Android Encryption Can Be Bypassed by Putting Your Phone in the Freezer

As frequent readers of the One Click Root blog already know, we recommend encrypting phone data in order to protect it from unauthorized access. Good encryption can’t be unlocked – even by the world’s most powerful computers – which is why it’s a good way of protecting your texts, passwords, pictures, and any other important data you have on your Android.

Fortunately, Android has native encryption, which means that Android users don’t have to do anything in order to protect their most sensitive data.

But Android encryption isn’t perfect. A team of German researchers recently found that by physically freezing an Android device, its encryption could be bypassed.

The report went like this:

-German researchers exposed an Android to freezing temperatures for one hour

-After one hour had passed, the researchers could bypass Android’s native encryption feature (it’s been a built-in part of Android since Ice Cream Sandwich) by using a special script called FROST

-Researchers were able to access encrypted contact information, browsing histories, pictures, and more

To make the report even more surprising, the temperatures weren’t even that low. Phones were frozen at a mere ten degrees below 0 Celsius. Then, the battery was disconnected and reconnected, which placed the handset in a vulnerable mode.

Researchers used a code as the handset was starting up.
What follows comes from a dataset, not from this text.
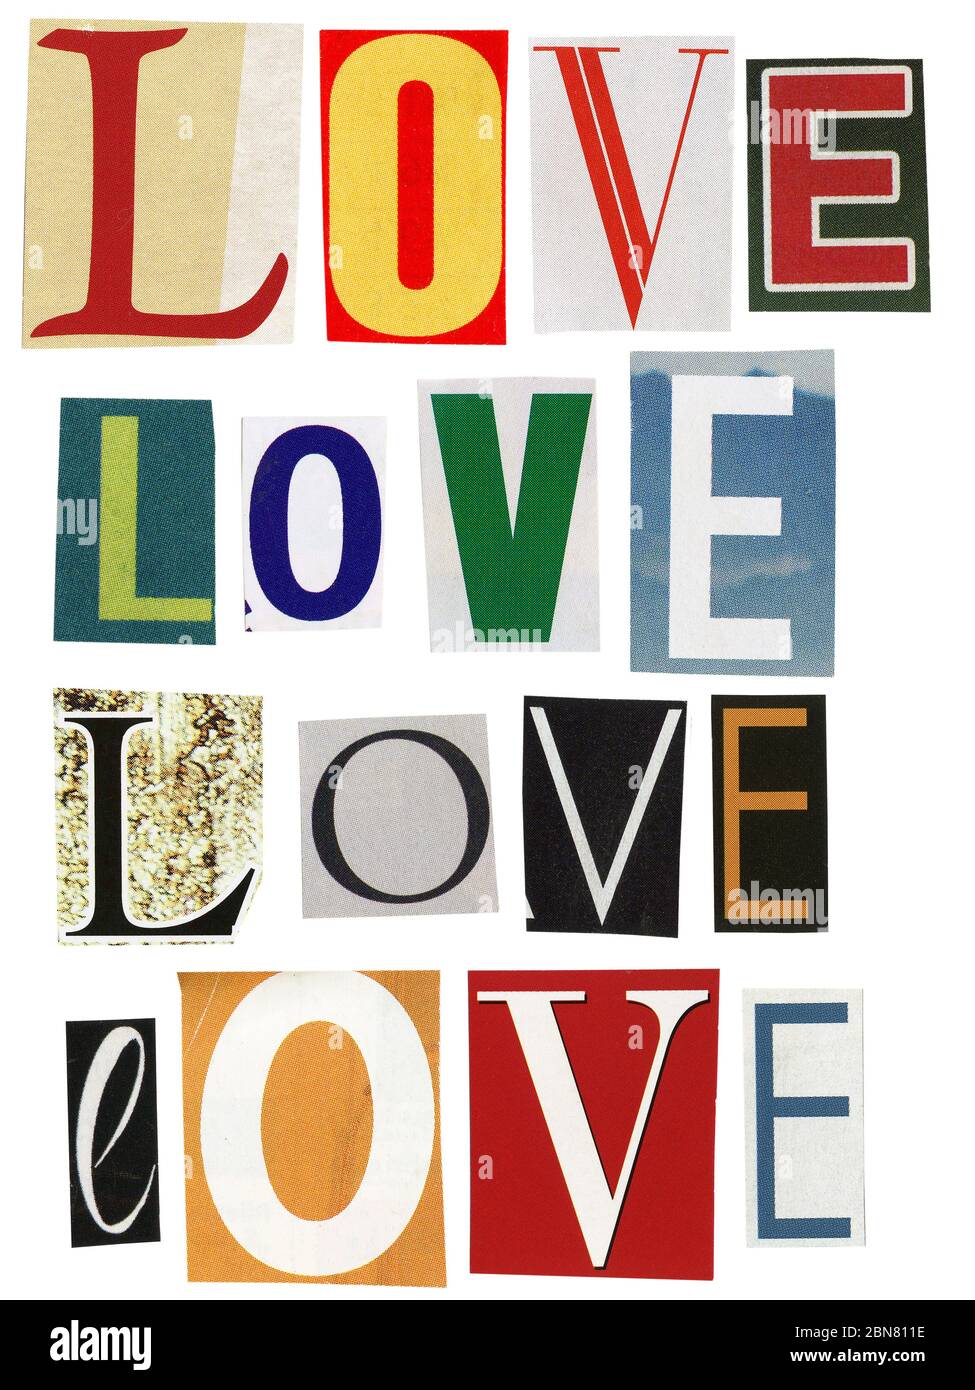 Love word made of newspaper clippings isolated on white background. Stock Photo

This code was called FROST – Forensic Recovery Of Scrambled Telephones – and it gave researchers access to the inner depths of the phone.

So if you live in Canada, Russia, or any other country where it routinely gets below -10 degrees, then getting access to a friend’s encrypted phone is as easy as walking around outside for one hour and then running a simple script. Scary!

Why it works

Physically freezing a phone in order to access internal encrypted databases seems like an odd concept, but there’s a good reason why it works.

Researchers suspect that the low temperatures cause data to fade from chips more slowly. This allows researchers to obtain encryption keys before the device knew how to protect itself.